[Exercise instructions]:
Repeat the listing word for word, but skip any pictures.

[Data segment]:
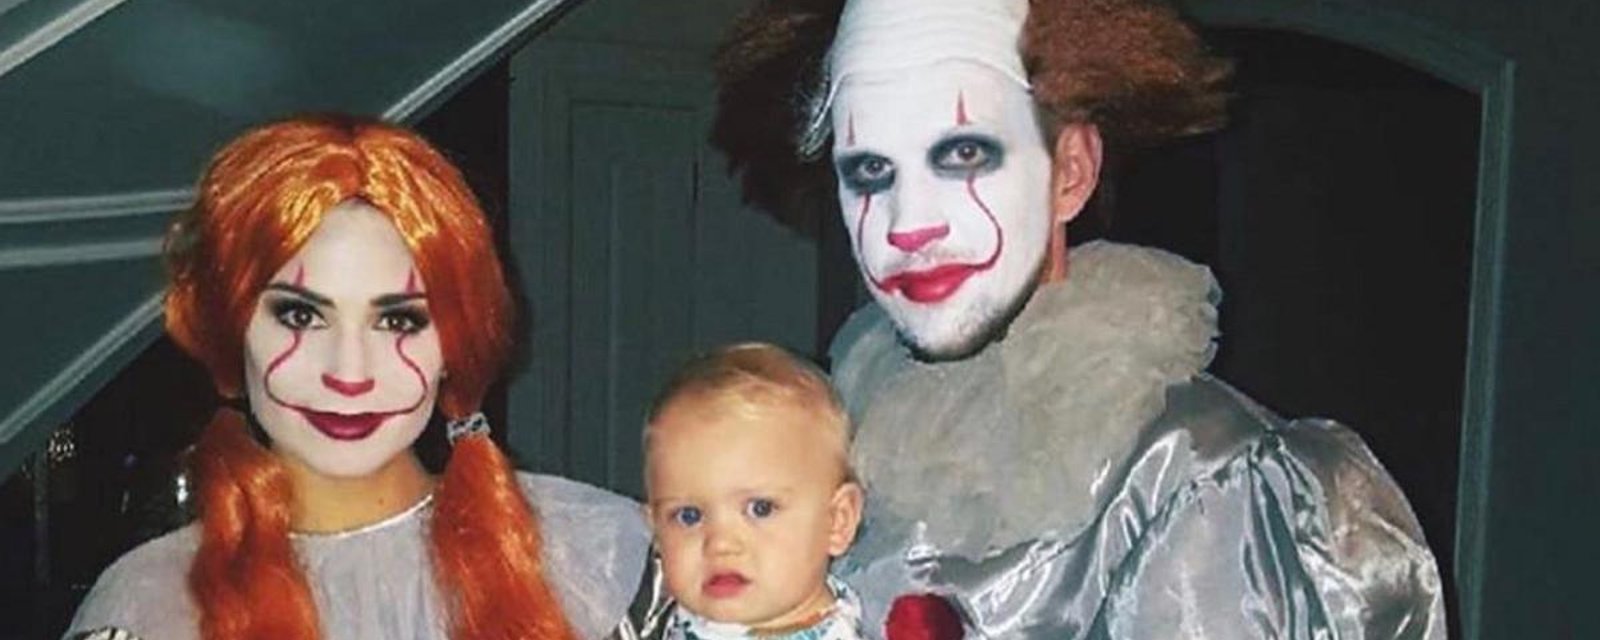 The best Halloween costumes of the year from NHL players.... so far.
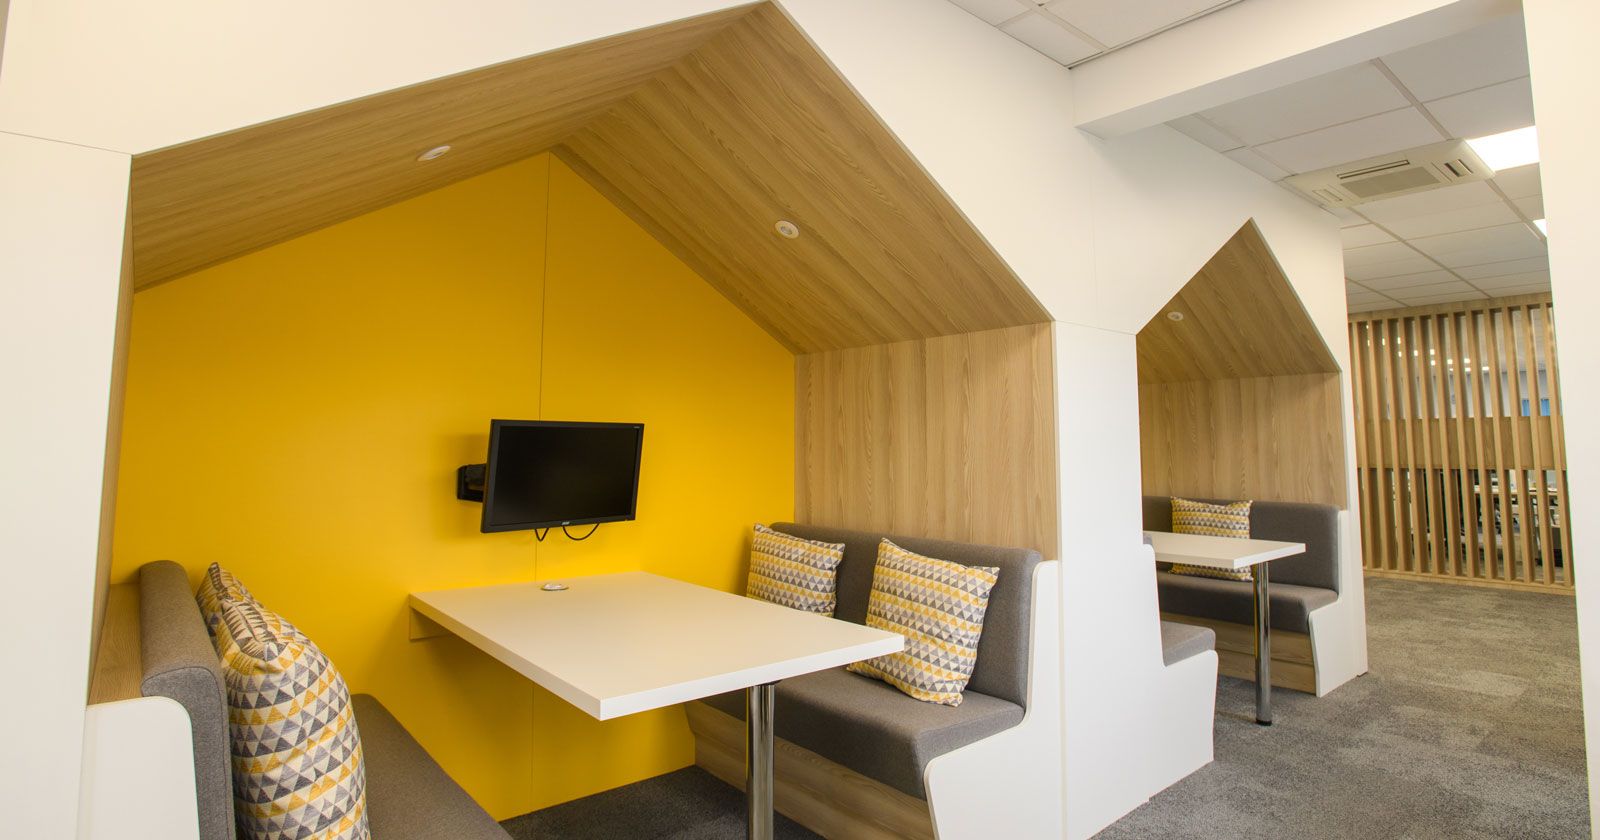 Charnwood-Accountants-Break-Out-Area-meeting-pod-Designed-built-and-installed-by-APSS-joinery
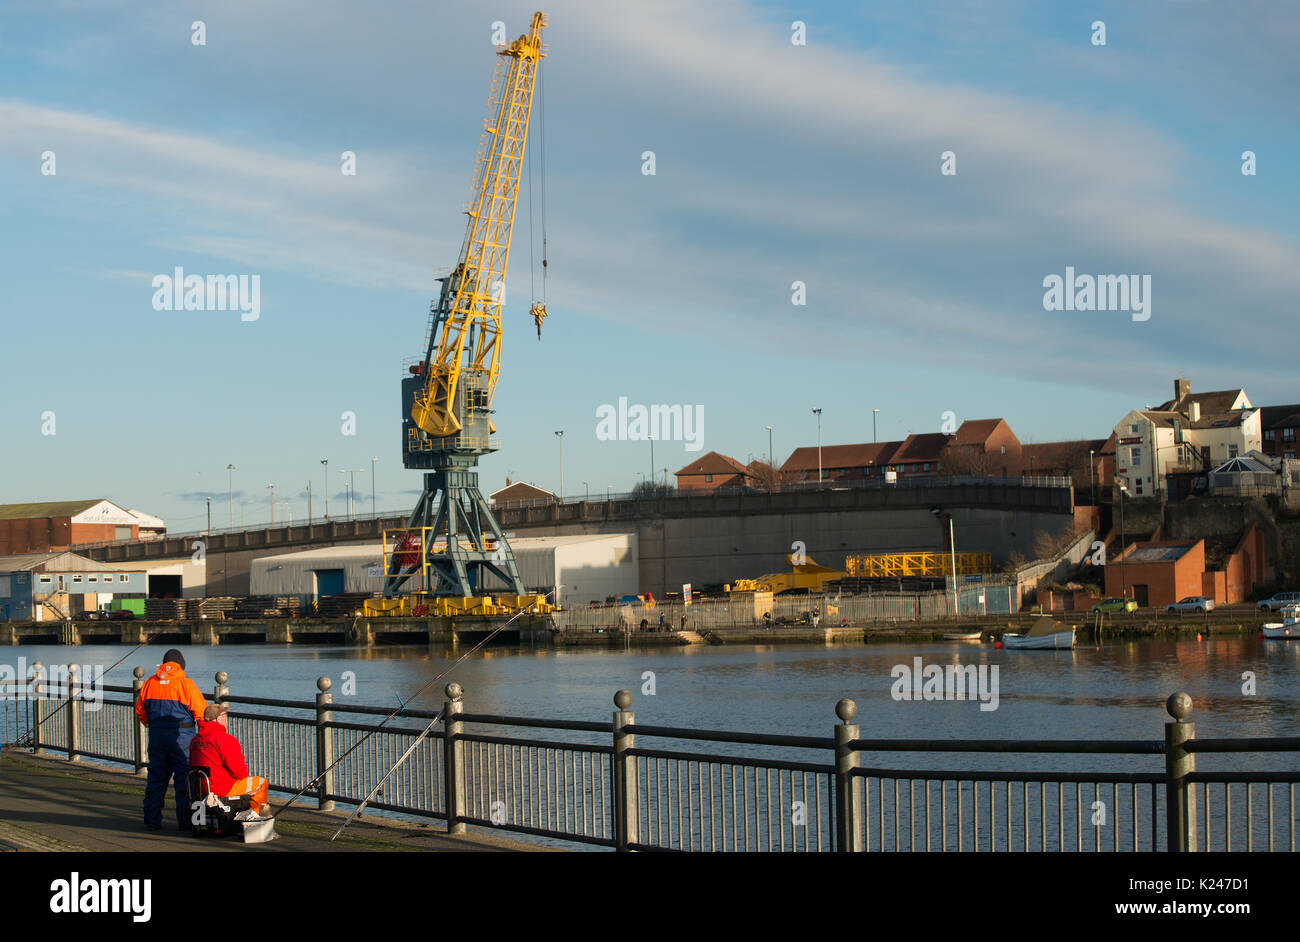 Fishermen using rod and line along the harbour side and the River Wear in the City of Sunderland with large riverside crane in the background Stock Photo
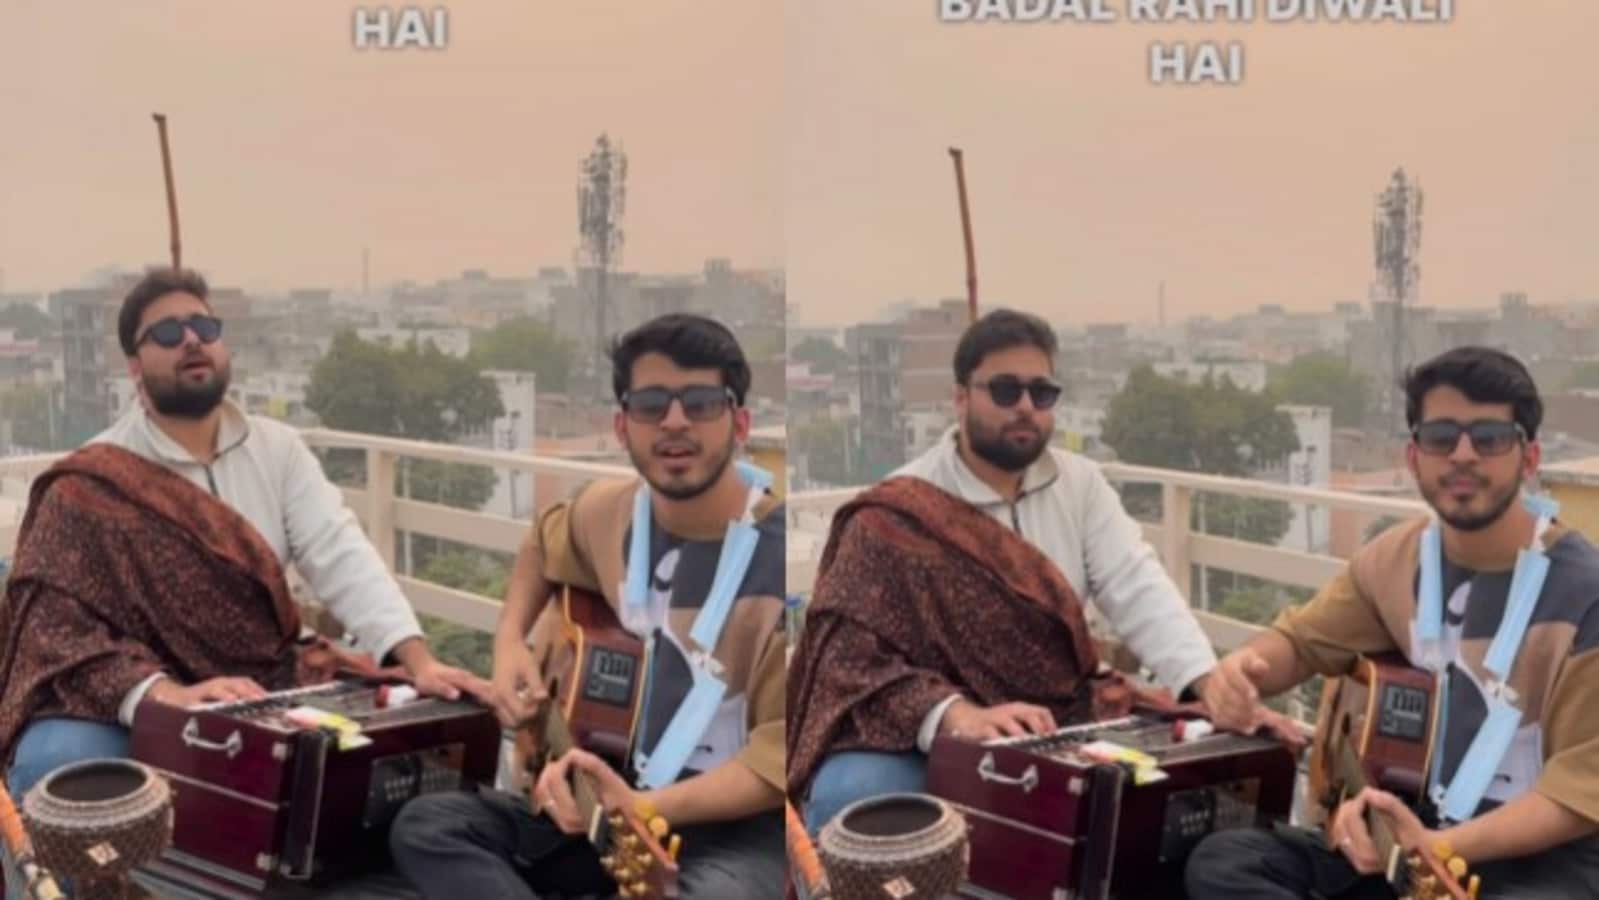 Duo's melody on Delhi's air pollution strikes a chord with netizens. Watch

[Answer section]:
 The best Halloween costumes of the year from NHL players.... so far.
 Charnwood-Accountants-Break-Out-Area-meeting-pod-Designed-built-and-installed-by-APSS-joinery
 Fishermen using rod and line along the harbour side and the River Wear in the City of Sunderland with large riverside crane in the background Stock Photo
 Duo's melody on Delhi's air pollution strikes a chord with netizens. Watch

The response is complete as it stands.